Еще рано, еще чуть только рассвело, но вот уже заскрипела, отворяясь, дверь. Лязгнула щеколда в сенях. Скрипнула половица. Зазвенело ведро. Звякнул тяжелый засов коровника. Встречая хозяйку, шумно вздохнула и промычала корова. Переступила ногами. И вот послышался звон бьющих в дно ведра упругих струй молока...

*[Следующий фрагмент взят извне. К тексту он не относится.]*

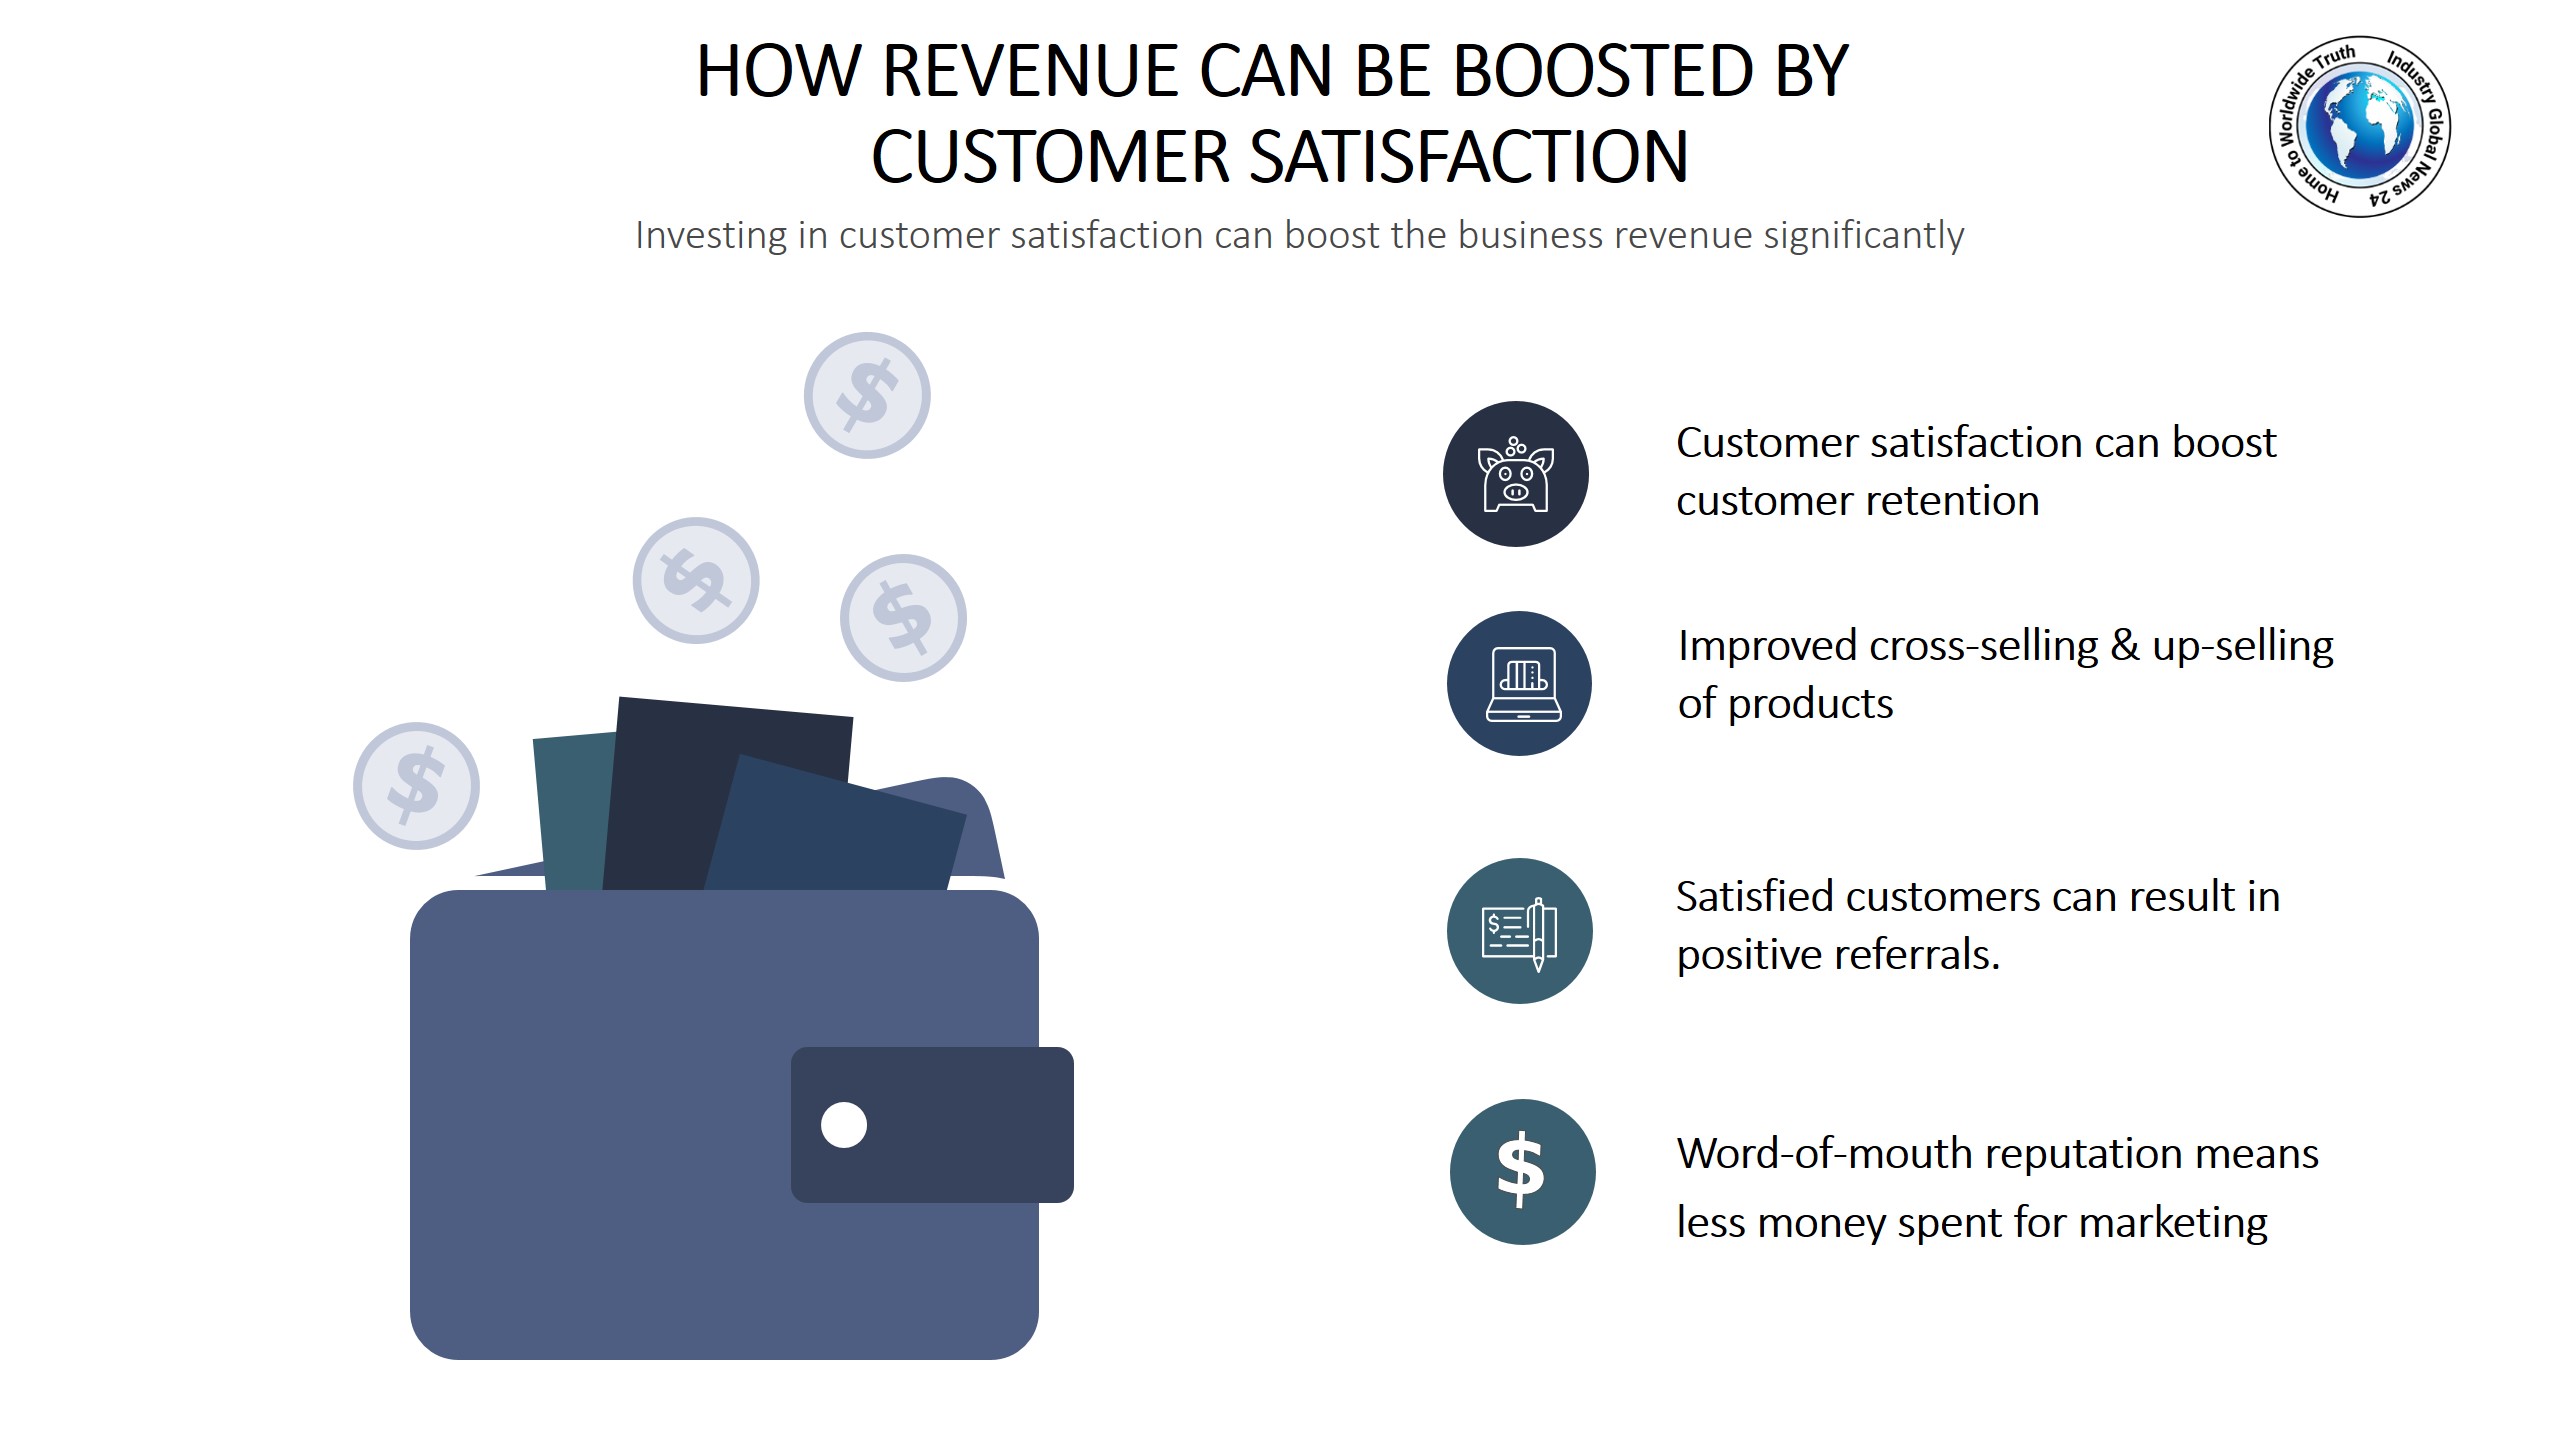 How revenue can be boosted by customer satisfaction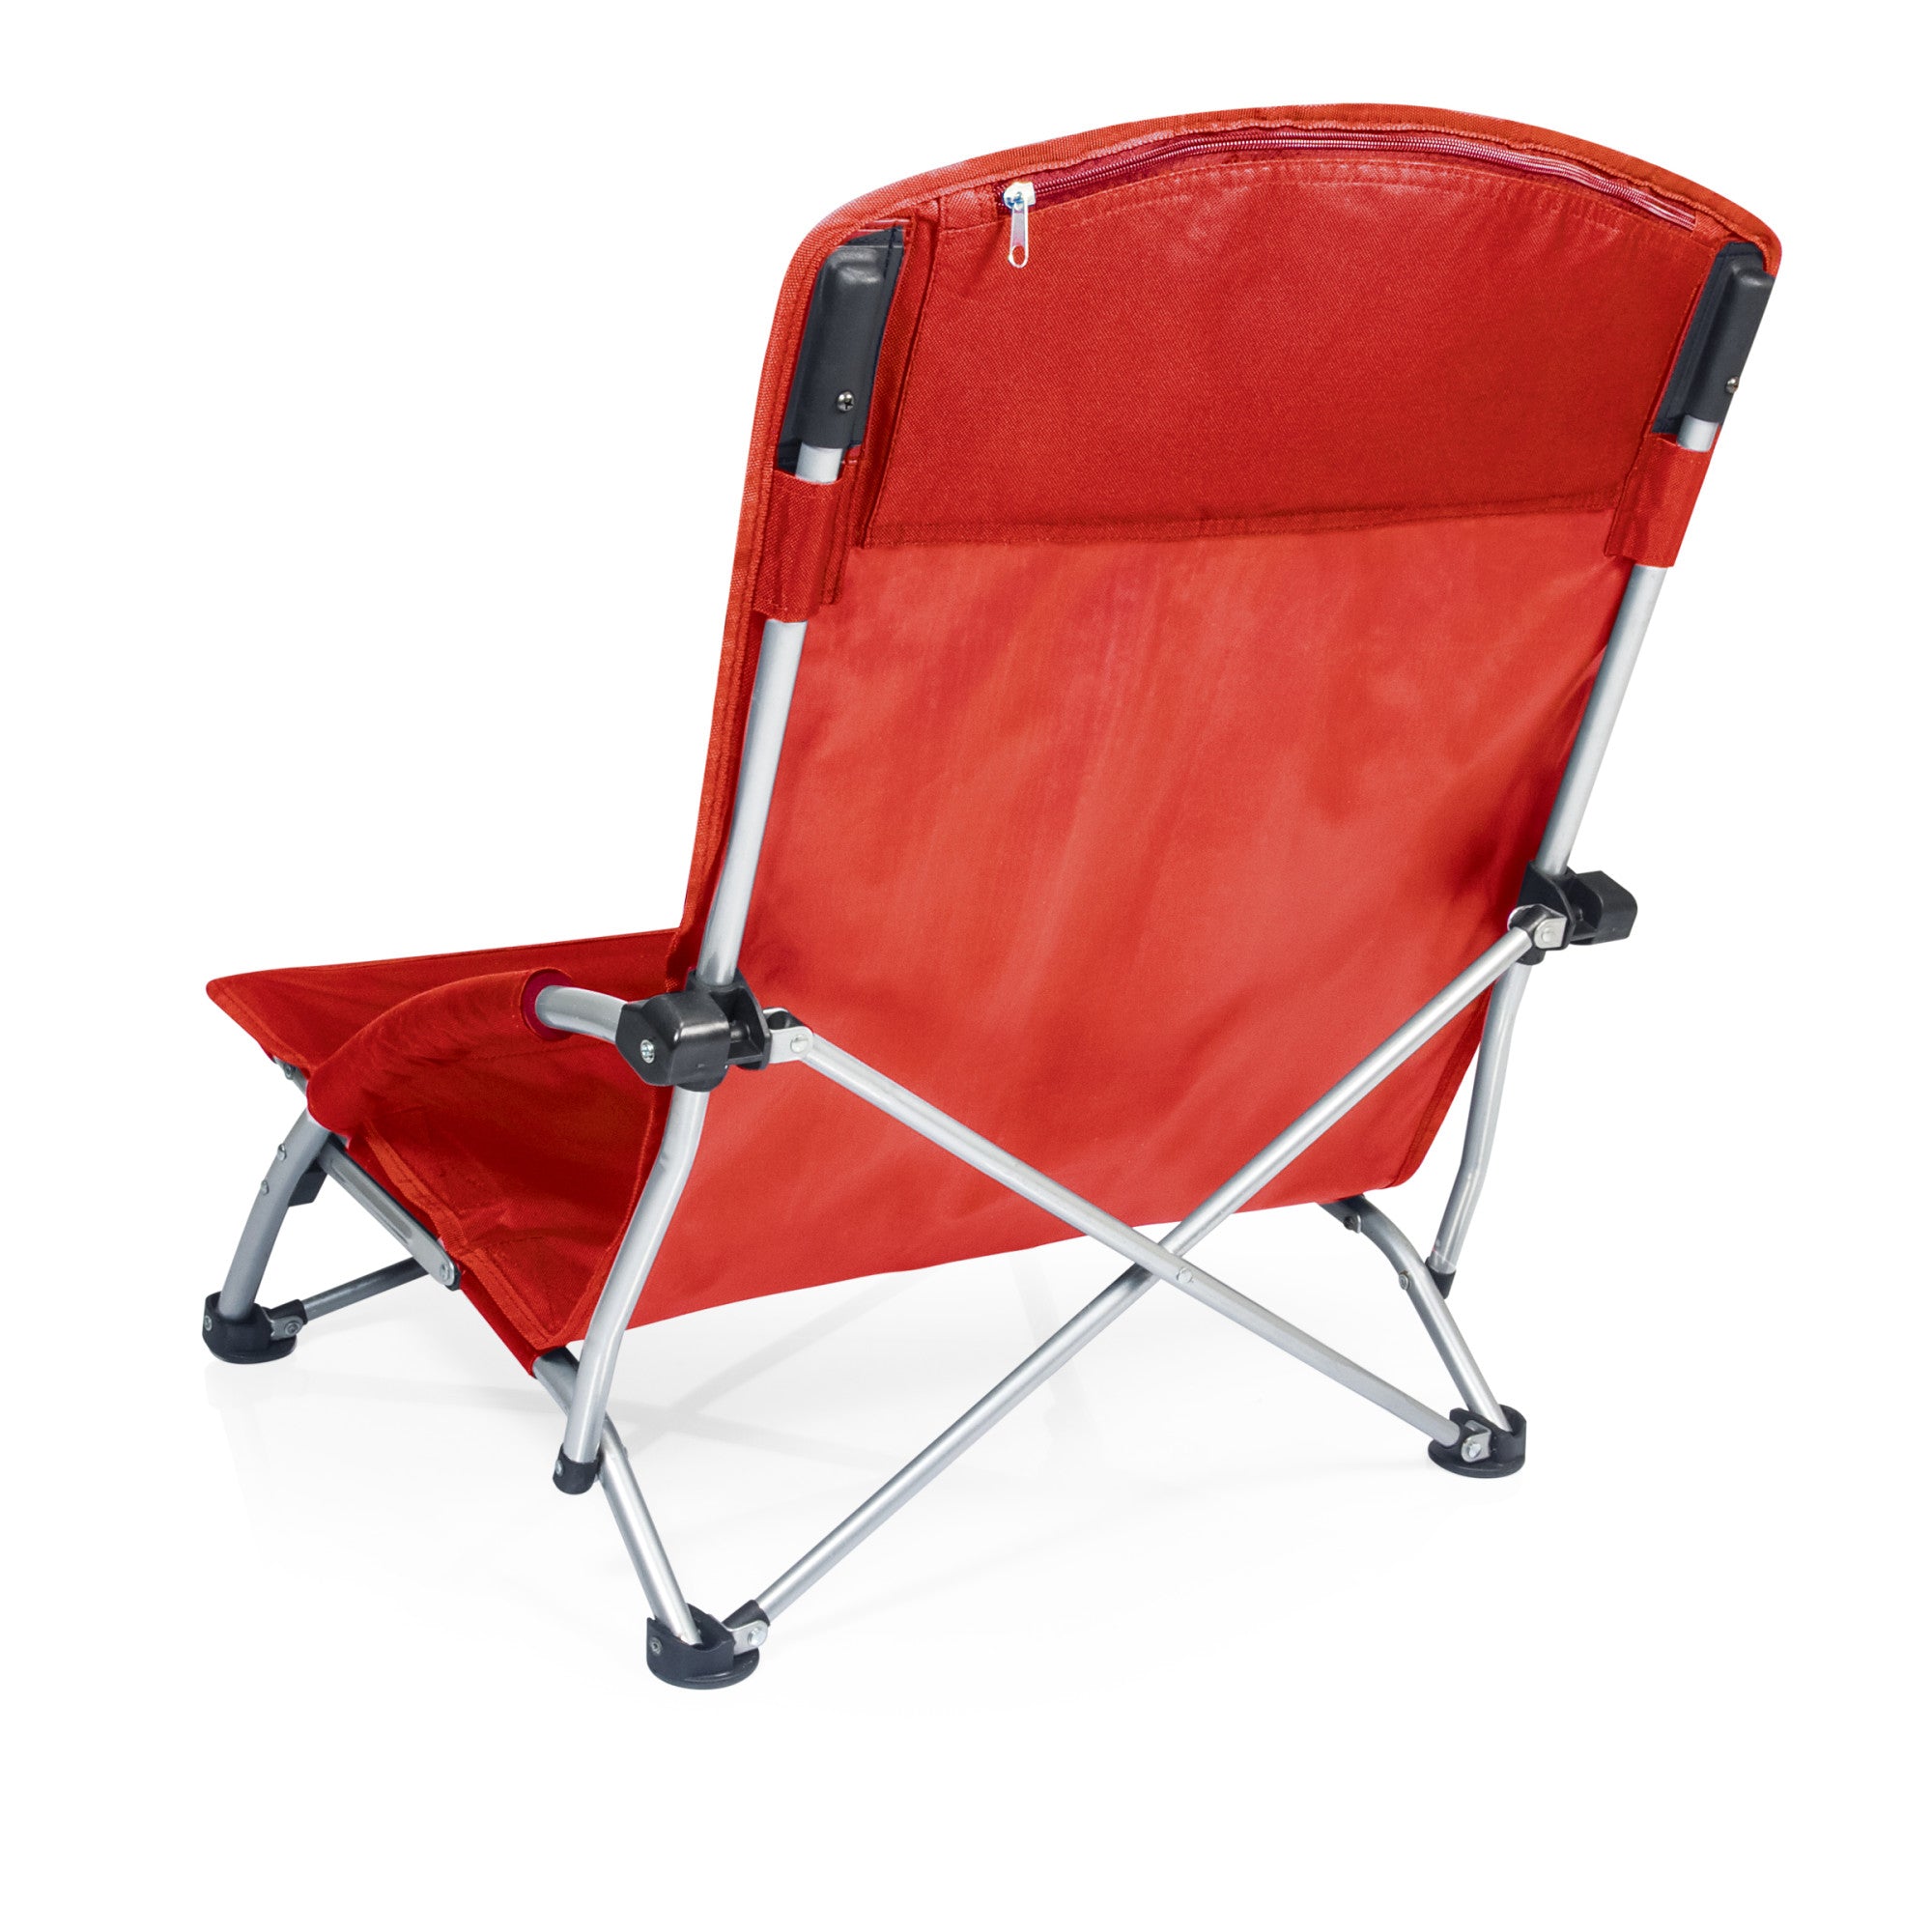 Iowa State Cyclones - Tranquility Beach Chair with Carry Bag

Звуки следуют друг за другом в строгой очередности; она вековечна, эта очередность, она почти обрядна. Неторопливые звуки рождают в душе удивительное чувство покоя; звуки мира, неспешного ежедневного труда, который своей неторопливостью и обязательностью на самом деле напоминает обряд, чье, может быть, вторичное назначение—лечить душу...

Еще сквозь сон Юля слышала, как прогоняли мимо избы стадо, звенели колокольца, мычали коровы, покрикивал пастух. Тетя Маруся вывела и свою корову, пустила ее в стадо, видно, подталкивала, напутствуя ласково:

— Ну, иди, иди уже, нечего тут, ишь, разленилась, иди...

Потом Юля услыхала и голос мужа:

— Доброе утро, Марья Ивановна!

— На рыбалку собрались?

— Ага. Вон червей каких накопали. Утро уж очень хорошее.

— Хорошее; день будет нынче ласковый, дай бог, дай...— слова тети Маруси, как обычно, перешли в неясное бормотание, с каким она и ходила по избе или по двору.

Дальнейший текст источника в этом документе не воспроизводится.